Salah satu keunggulan Pantai Muara Oba adalah suasana alami yang ditawarkan, dengan pepohonan rindang yang menyejukkan pengunjung di siang hari dan pemandangan yang semakin indah di malam hari berkat penerangan dari lampu-lampu yang dipasang di sepanjang pantai.

Selain itu, pantai ini juga memberikan kebebasan bagi pengunjung untuk membawa makanan dan perbekalan sendiri, serta menyediakan tempat untuk membakar ikan atau yang lainnya.
Menurut Yasin, kebebasan ini menjadi salah satu alasan mengapa banyak keluarga memilih untuk berkunjung ke Pantai Muara Oba.
“Banyak pengunjung yang datang bersama keluarga dan memanfaatkan tempat yang kami sediakan untuk membakar ikan dan jagung. Ini membuat suasana lebih akrab dan santai,” tuturnya.
Yasin juga mengungkapkan bahwa pihak pengelola terbuka untuk menerima pemesanan acara dari berbagai pihak.

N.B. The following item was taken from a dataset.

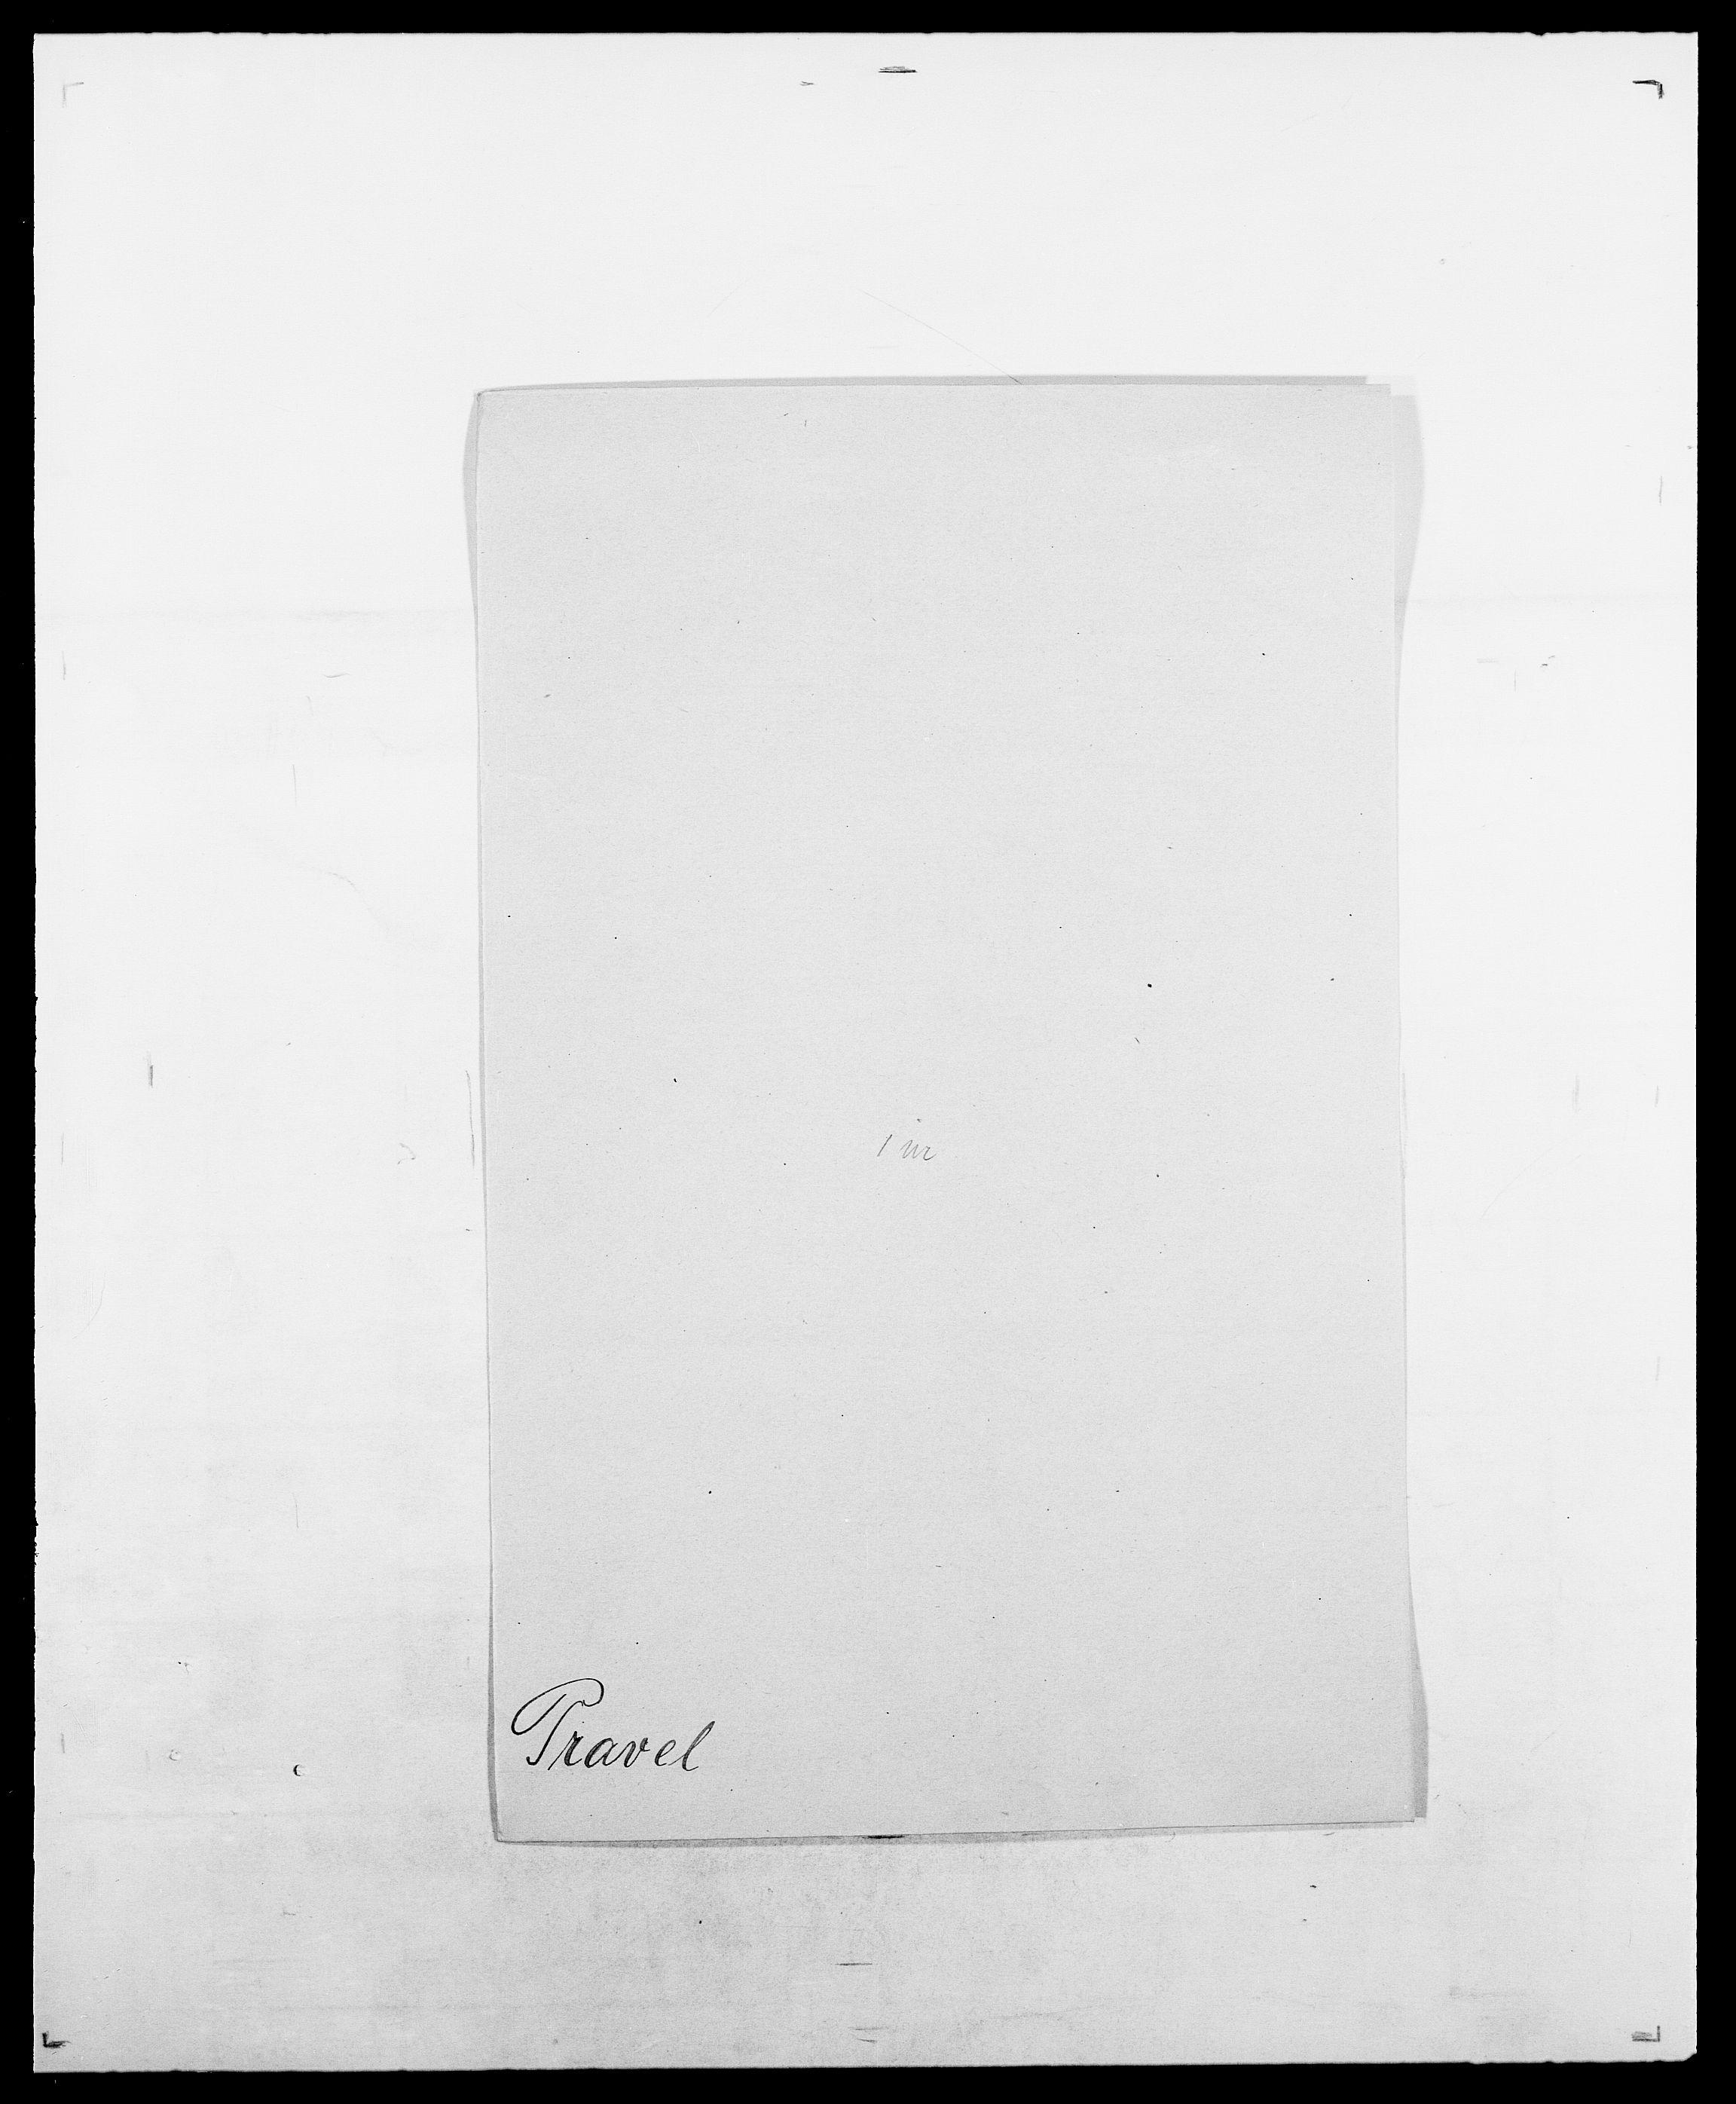 SAO, Delgobe, Charles Antoine - samling, D/Da/L0031: de Place - Raaum, s. 299

“Kami menerima pesanan untuk kegiatan dari komunitas, perusahaan, atau keluarga besar, serta instansi pemerintah yang ingin mengadakan acara di pantai ini. Fasilitas dan koordinasi akan kami siapkan sesuai kebutuhan mereka,” jelasnya.

Dengan segala daya tarik yang dimiliki, Pantai Muara Oba memiliki potensi besar untuk terus berkembang sebagai destinasi wisata unggulan di Maluku Utara.

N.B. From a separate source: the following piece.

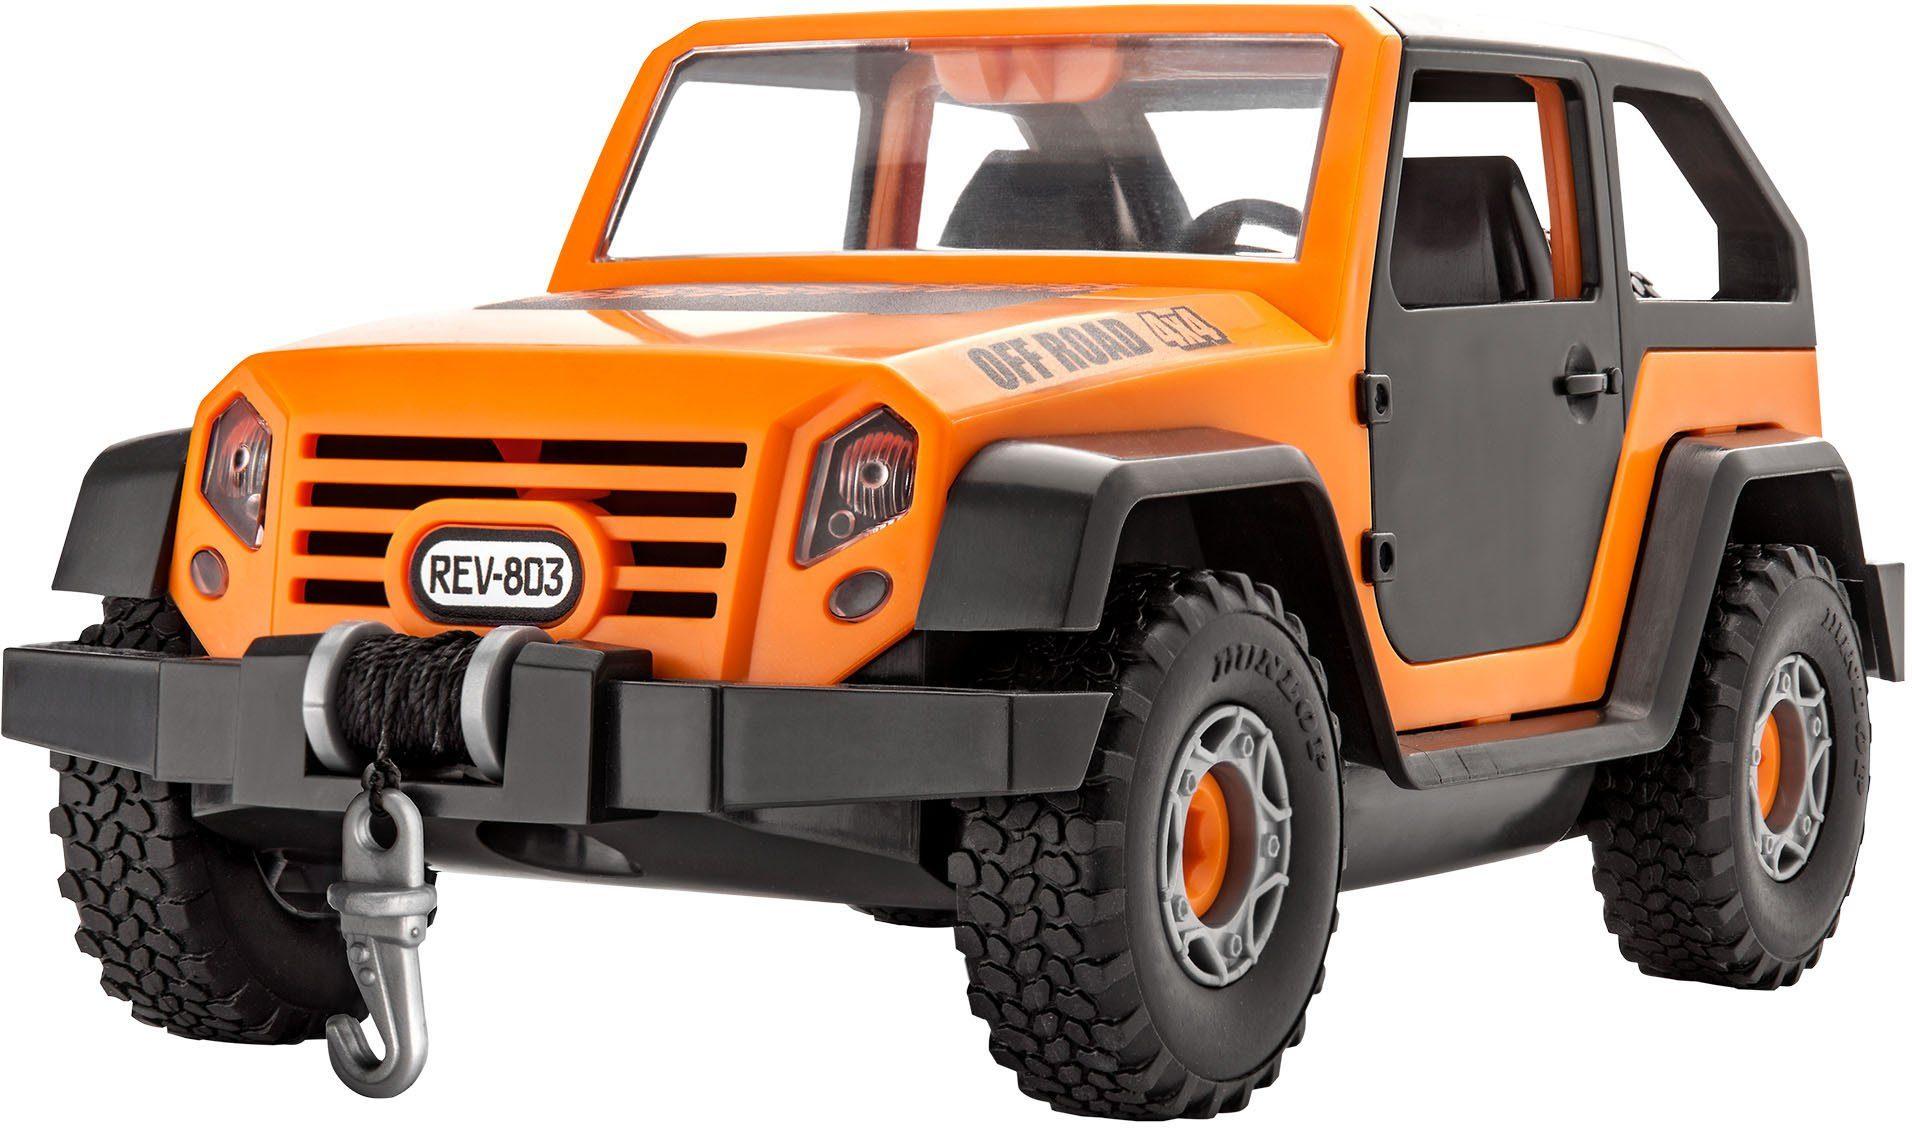 Revell® Modellbausatz Geländewagen, Maßstab 1:20, »Junior Kit Offroad Vehicle«

Namun, untuk mencapai potensi tersebut, diperlukan kerjasama yang baik antara pengelola, pemerintah, dan masyarakat sekitar.

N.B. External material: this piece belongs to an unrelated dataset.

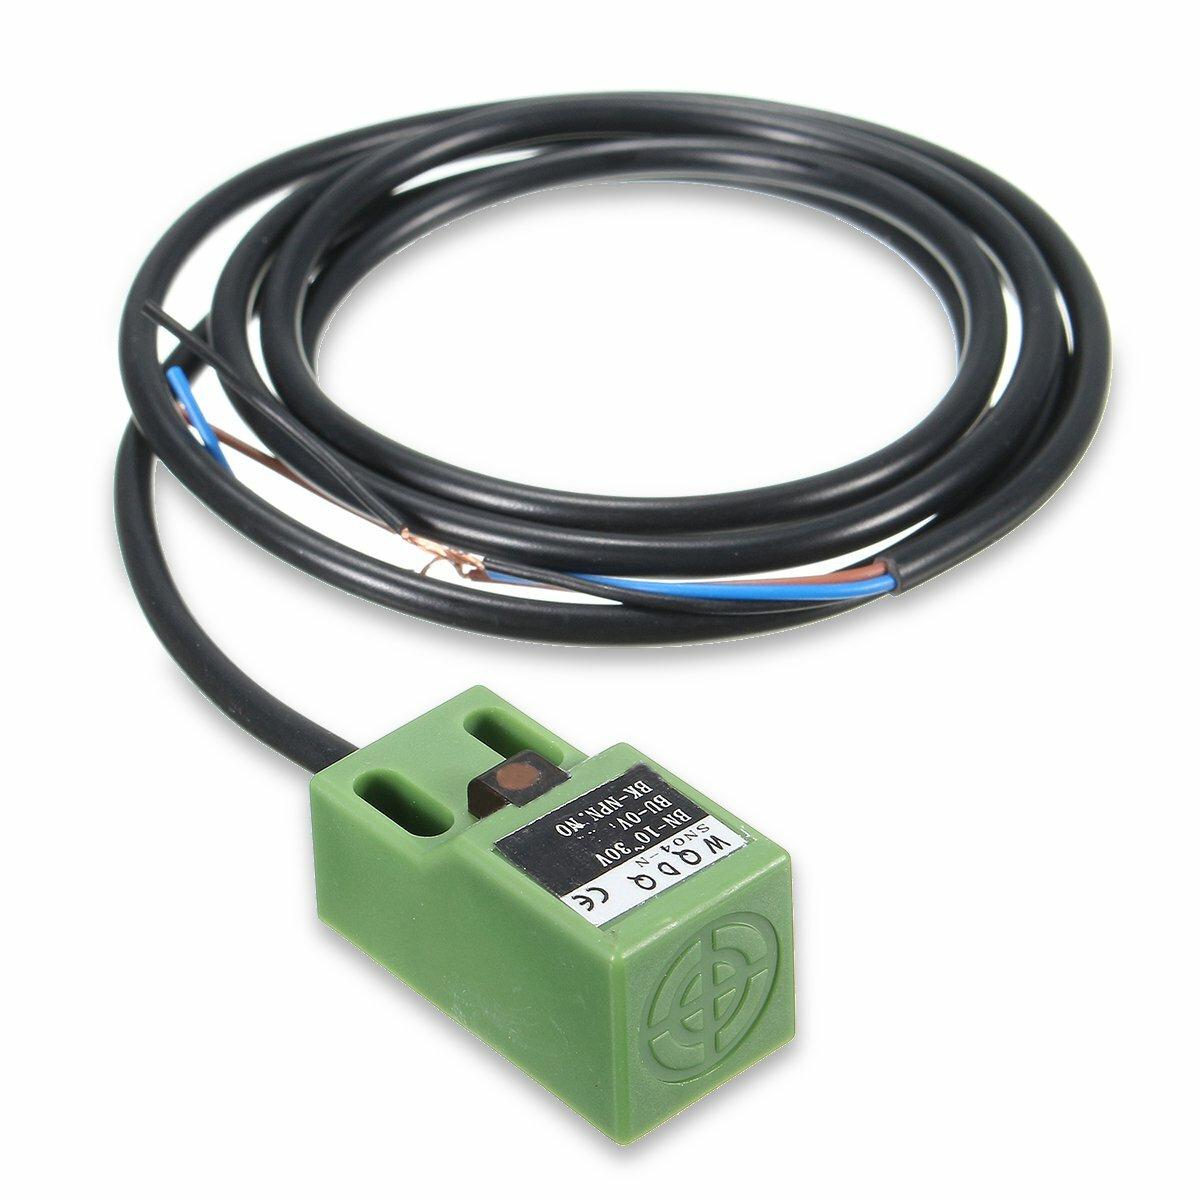 hight resolution of sn04 n proximity sensor wiring diagram wiring library ac proximity sensor wiring diagram sn04 n 5mm

Keterbatasan fasilitas seperti permainan air dan infrastruktur pendukung harus segera diatasi agar pengunjung dapat menikmati pantai ini tanpa kendala.
Yasin menambahkan, “Kami berkomitmen untuk terus memperbaiki dan mengembangkan pantai ini, namun tentu saja dukungan dari berbagai pihak sangat kami harapkan agar Pantai Muara Oba bisa menjadi tempat wisata yang nyaman dan menyenangkan bagi semua pengunjung.”
Dengan perkembangan yang terus berjalan, Pantai Muara Oba semakin siap menjadi salah satu ikon wisata baru di Maluku Utara. Bagi para wisatawan yang mencari tempat untuk bersantai, bermain air, dan menikmati keindahan alam, Pantai Muara Oba adalah pilihan yang tepat.